Regeltechnisch gibt es wenig Neuerungen, und auch die anderen beiden Erweiterungen müssen nicht bereits Bestandteil der Sammlung sein. Die verwendeten Illustrationen sind erneut über jeden Zweifel erhaben, kommen dabei besonders auf den großflächigen Unterstützungen gut zur Geltung. Sie sind weiterhin selbstverständlich sehr der Thematik des Spiels angemessen. Ebenso passen die Namen wunderbar ins Konzept und regen mitunter gleich das Kopfkino an. Wer hat nicht gern einen „Dunkelholzbaumhirten“, die „Heroldin der Morgendämmerung“ oder die „Himmelswache der Feen“ an seiner Seite, wenn es gilt, den Fluch zu brechen und das Tal erneut mit Leben zu füllen. Durch die Kartenübersicht im Heft kann man wie gewohnt diese Erweiterung auch wieder separieren, da es leider weiterhin keine Kennung auf den Karten gibt, aus welcher Erweiterung diese stammen.

Fazit: Die Erweiterung „Mystic Vale: Zwielichtiger Garten“ vergrößert den Kartenpool enorm und macht „Mystic Vale“ noch abwechslungsreicher und vor allem interaktiver.

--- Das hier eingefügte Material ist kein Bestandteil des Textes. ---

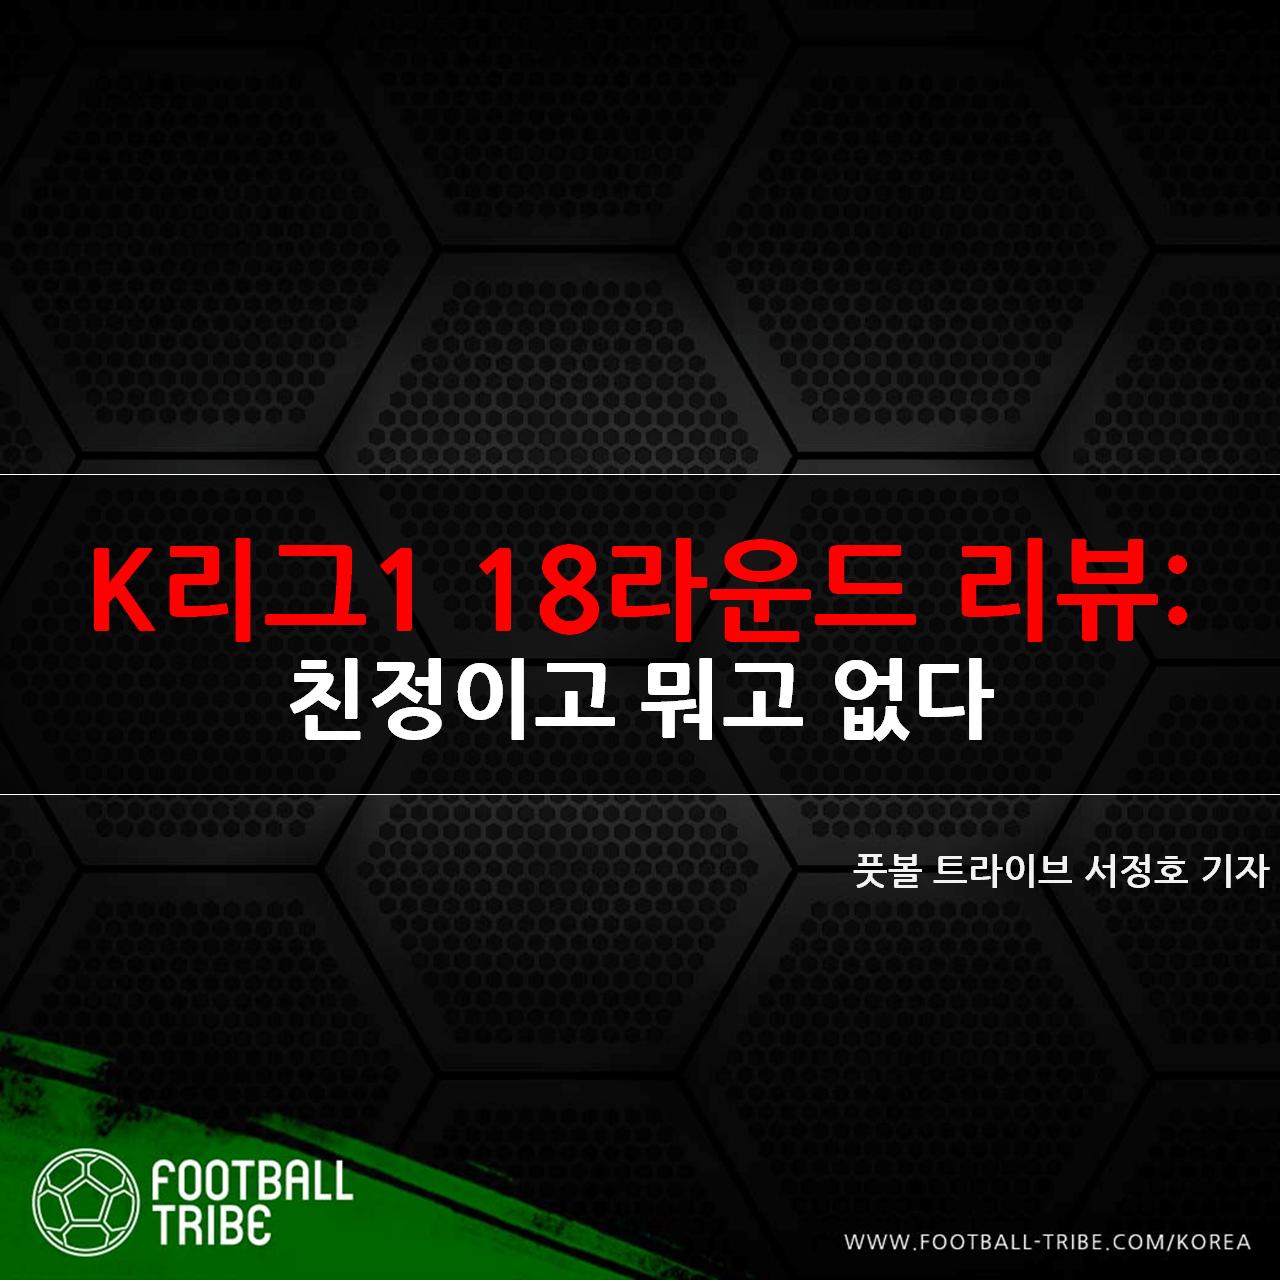 [K리그1 18라운드 리뷰] 친정이고 뭐고 없다

Es gibt nur minimale Regelerweiterungen, wodurch man sofort losspielen kann. Es gibt viele neue strategische Möglichkeiten zu entdecken, um das eigene Deck anders zusammenzustellen. Durch neue spielstarke Karten, die vor allem situativ den Unterschied machen können, sollte man während der gesamten Spieldauer konzentriert dabei sein. Nicht umsonst ist es als Kennerspiel klassifiziert und wird auch immer besser.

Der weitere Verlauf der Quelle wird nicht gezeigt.